Natural-language tasks run end-to-end through the multi-agent chat surfaced these; each fix has a matching unit test:

  1. Search discovers — the crawler reads. The agent initially summarized from SERP snippets instead of crawling the pages it found. Routing guidance (main_agent/system_prompt/prompts/routing.md) now tells it to crawl every URL whose full content would improve the answer, executing bounded fan-out without asking permission.
  2. Success alone is not enough — content-quality tripwires (thin-page, currency-loss) must gate the ladder, because a "successful" fetch can carry an empty shell or a lossy extraction. Tests: tests/unit/proprietary/web_crawler/test_connector.py.
  3. Full datasets become files, not chat. LLMs are bad data pipes: transcribing a 486-row roster through the model loses rows and burns tokens. export_run converts the stored run to CSV in code and saves it to the workspace KB. Tests: tests/unit/capabilities/test_run_truncation.py.
  4. Truncation needs an escape hatch the model will actually use. Large items defeated line-based paging until read_run grew char_offset and search_run grew match excerpts; subagent prompts explicitly list the readers and forbid re-running tools to "see more".

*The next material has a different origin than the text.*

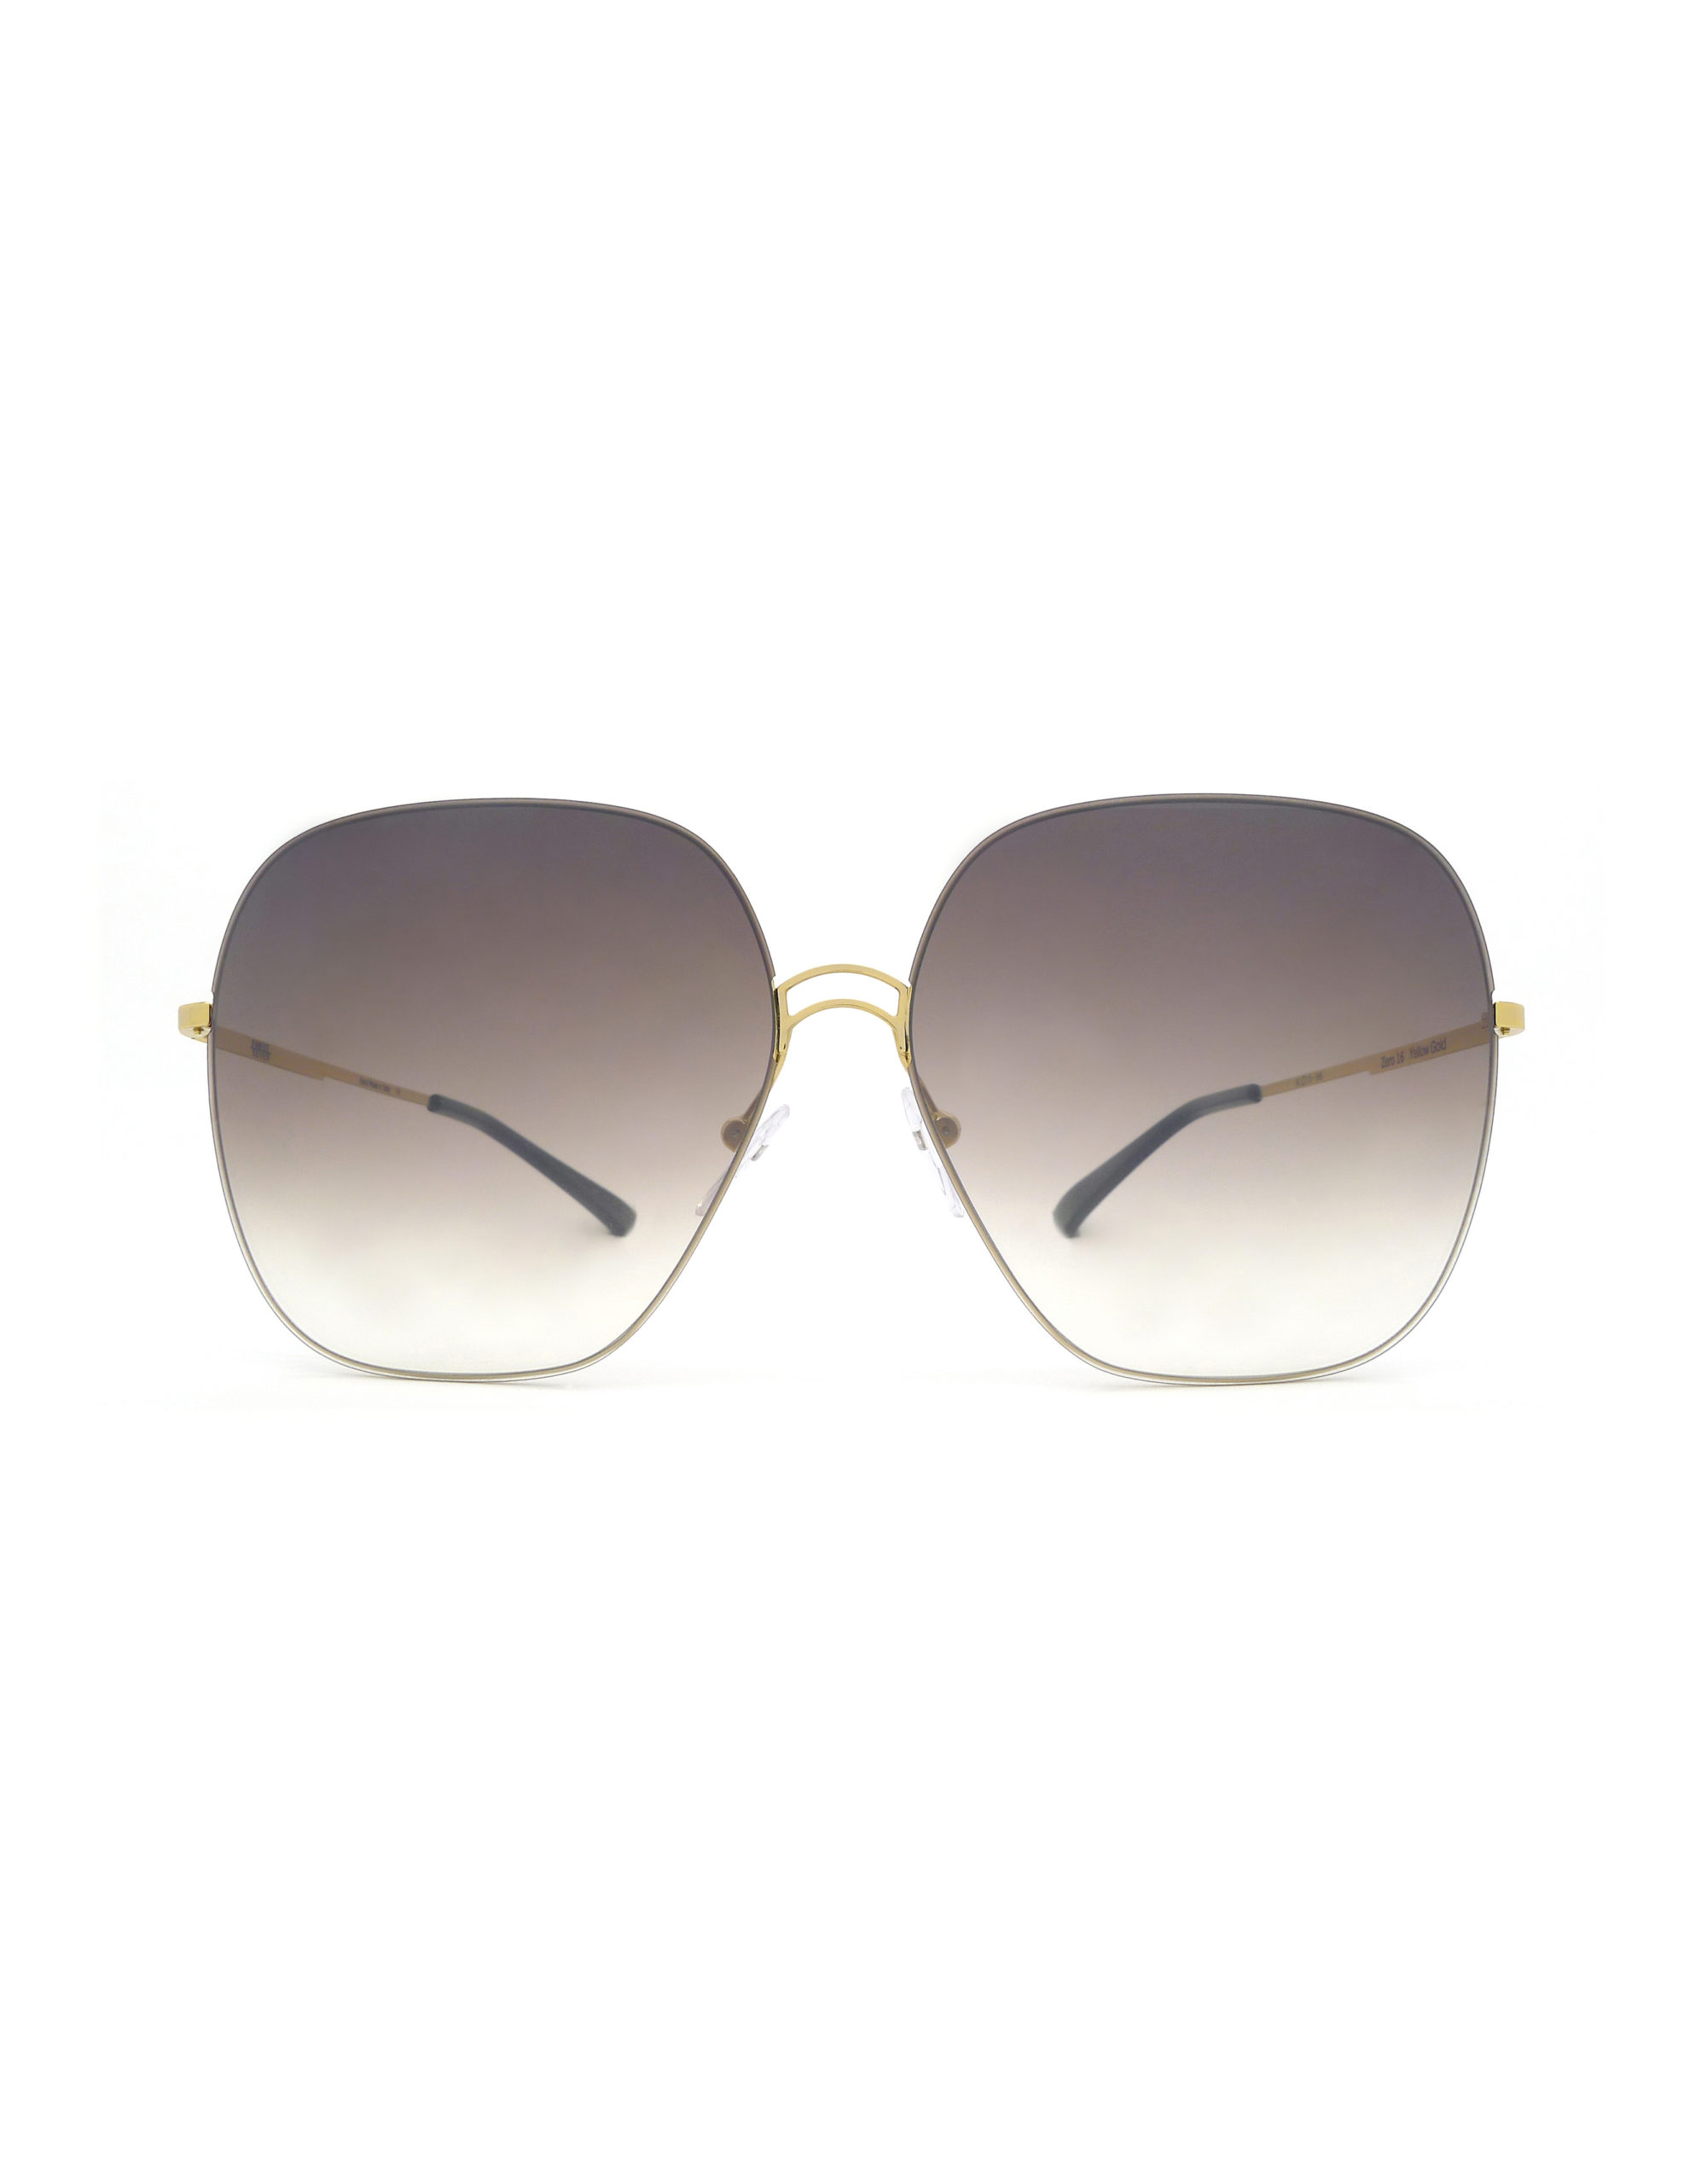 ZERO 16 Grad Brown - Luxury Sunglasses, Designer Sunglasses | Finest Seven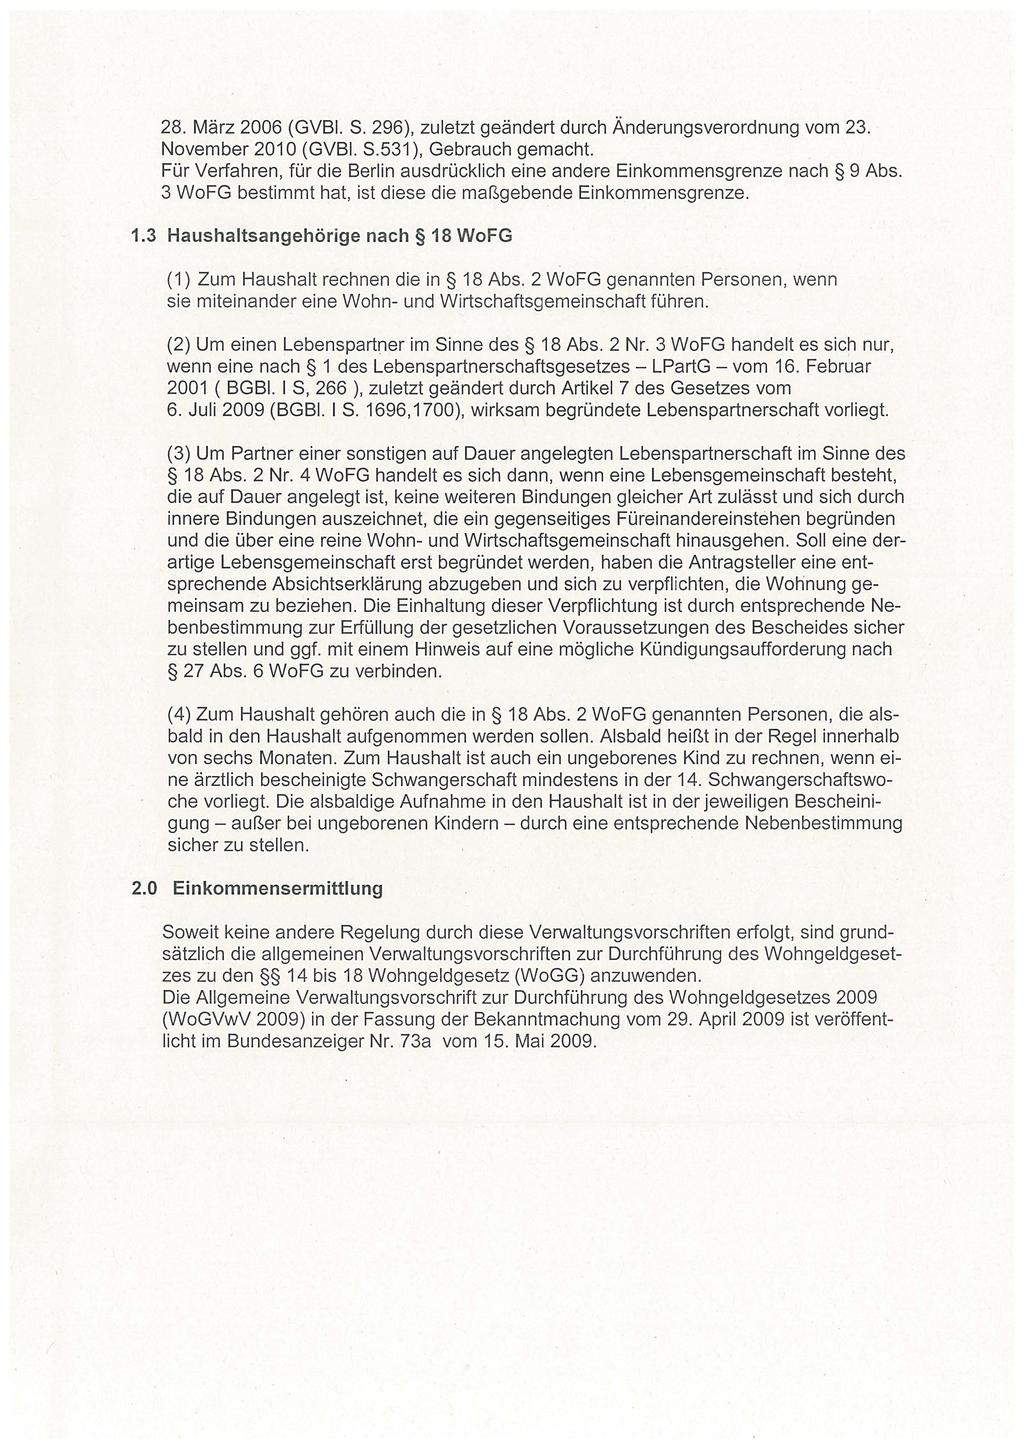 28. März 2006 (GVBI. S. 296), zuletzt geändert durch Änderungsverordnung vom 23. November 2010 (GVBI. S.531), Gebrauch gemacht.

  5. Shared budgets starve precise queries. In the Reddit scraper, one noisy search consumed the whole maxItems cap before precise phrasings returned; the fix fair-shares the budget across concurrent searches and de-dupes across them (tests/unit/platforms/reddit/test_search_budget.py). The same failure shape applies to any multi-query fan-out with a shared collector cap.
  6. Subagents must not hand back work they can do. The universal output contract (subagents/shared/snippets/output_contract_base.md) now requires: if next_step is a call to one of the subagent's own tools (paging a run, re-running with better parameters), execute it instead of returning partial.
  7. Sizing caps to the ask. When a task requests N items, tool caps (max_items, findings limits in output contracts) must be set above N or the task is unwinnable by construction; prompts now say so.